Let's talk about that.....



-


-


-


-


-


-


-


-


-


-

# Data
Following that discussion (see Chapter 6 of *Data Science for Business*, if this wasn't interactive for you), we have compiled a scotch whiskey data set. You can find it in `data/scotch.csv`.

The data consists of 5 general whiskey attributes, each of which has many possible values:

- **Color**: yellow, very pale, pale, pale gold, gold, old gold, full gold, amber, etc.
- **Nose**: aromatic, peaty, sweet, light, fresh, dry, grassy, etc.
- **Body**: soft, medium, full, round, smooth, light, firm, oily.
- **Palate**: full, dry, sherry, big, fruity, grassy, smoky, salty, etc.
- **Finish**: full, dry, warm, light, smooth, clean, fruity, grassy, smoky, etc.

Let's read it in and take a look. There are a few other features unrelated to the ones above. For this class, we will be dropping them. However, feel free to check them out!

In [None]:
data = pd.read_csv("data/scotch.csv")

data = data.drop([u'age', u'dist', u'score', u'percent', u'region', u'district', u'islay', u'midland', u'spey', u'east', u'west', u'north ', u'lowland', u'campbell', u'islands'], axis=1)

In [None]:
data.head()

# Similarity measures

Once we have objects described as data, we can compute the similarity between different objects.  As with most data analytics, the tried-and-true way to represent objects with data is to create a **feature vector** for each object.

Thus, each of our whiskeys now is described by its feature vector (68 attributes).

In [None]:
data_tools.feature_printer(data, 'Aberfeldy') 

In [None]:
data.loc['Aberfeldy']

We can see any other whiskey and its vector, including Foster's favorite, "Bunnahabhain".

In [None]:
print ( data_tools.feature_printer(data, 'Bunnahabhain') )

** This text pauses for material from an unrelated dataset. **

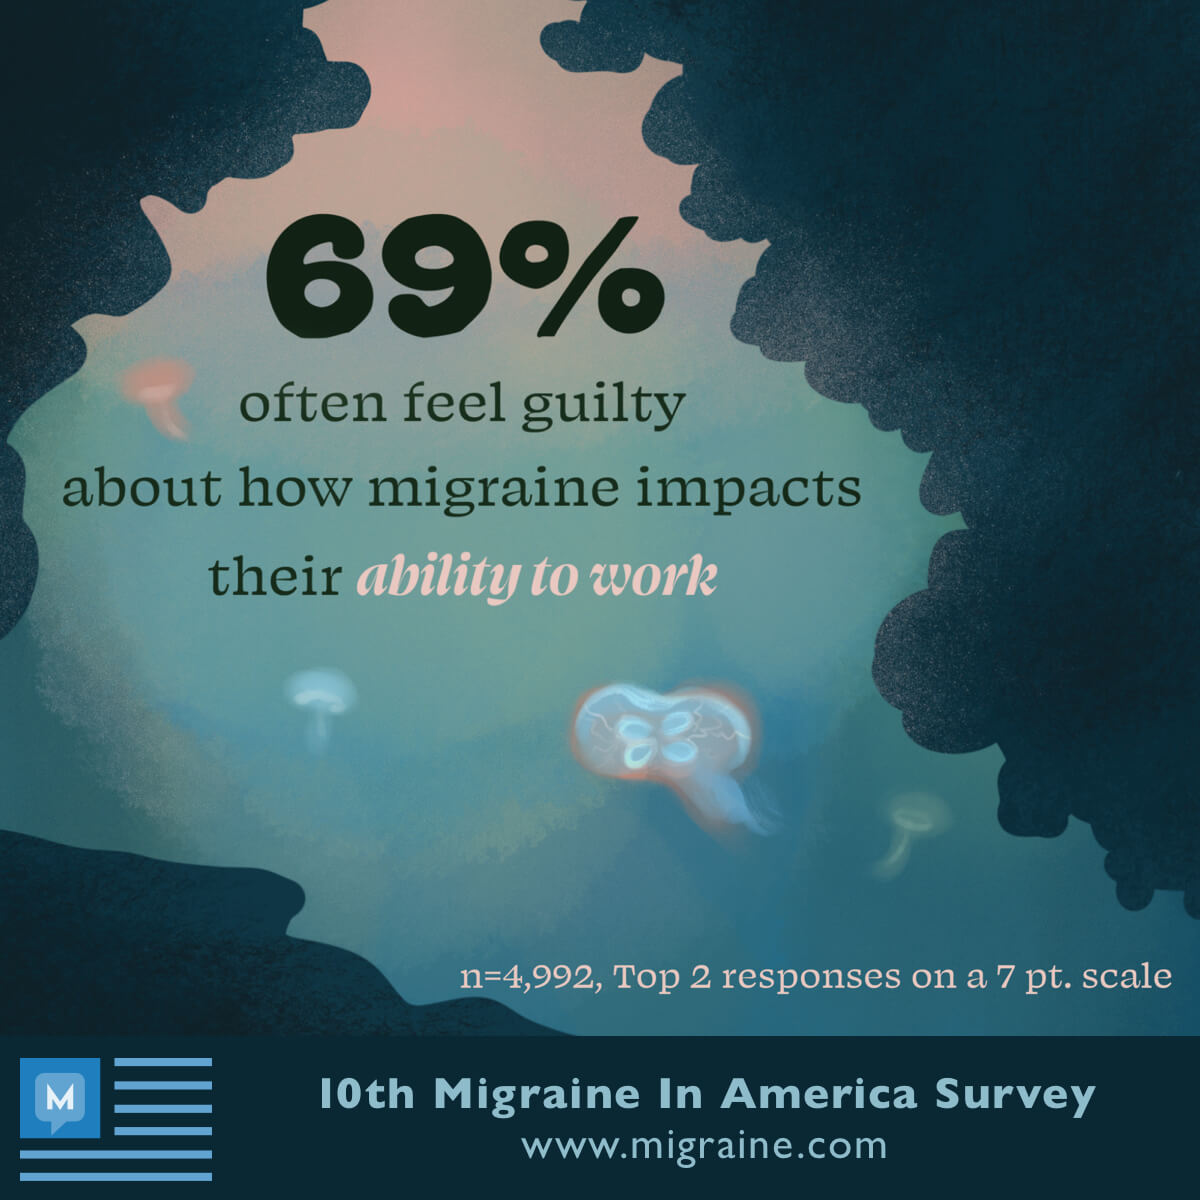 69% of Migraine In America Survey respondents feel guilty about how migraine impacts their ability to work.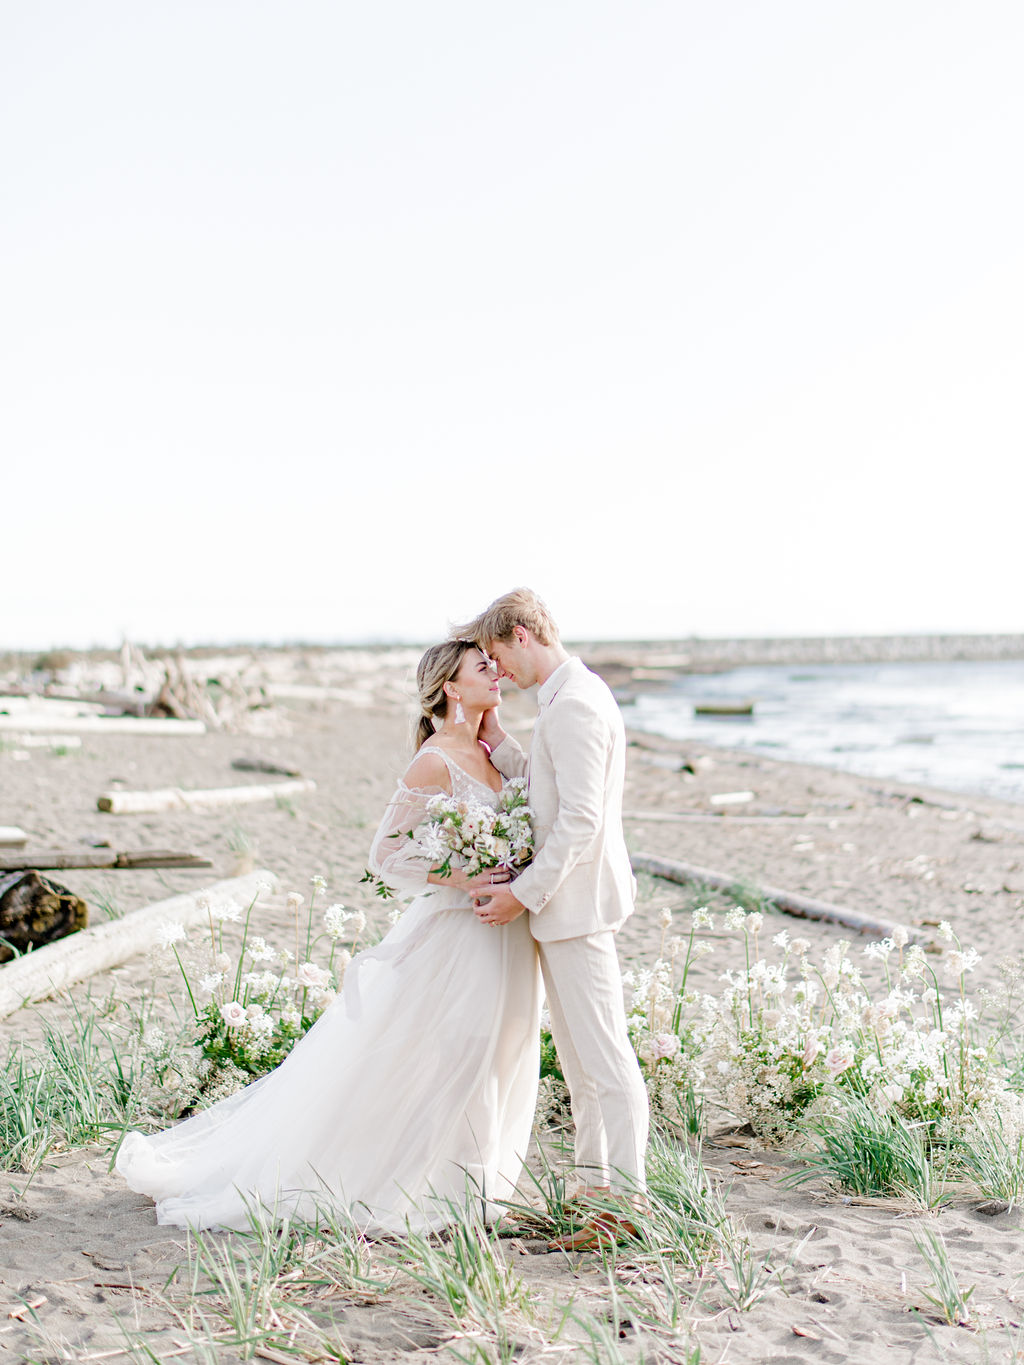 Romantic beach wedding ceremony in Vancouver, British Columbia; Fine art wedding inspiration for an intimate beach wedding, romantic wedding portraits in front of a grounded floral arch with organic greenery and blush and sand coloured florals in front of the ocean

So ... Foster would like to know: What other whiskeys are similar to Bunnahabhain?  Generally, how can we compute similarity between whiskeys?  We've reduced this question to: how can we compute similarity between objects described as feature vectors.

There are many similarity measures.  Similarity is often cast as "closeness" in some space, as computed by a distance measure.  Often in data science, the terms similarity and distance are used interchangeably (a little strangely to the uninitiated). 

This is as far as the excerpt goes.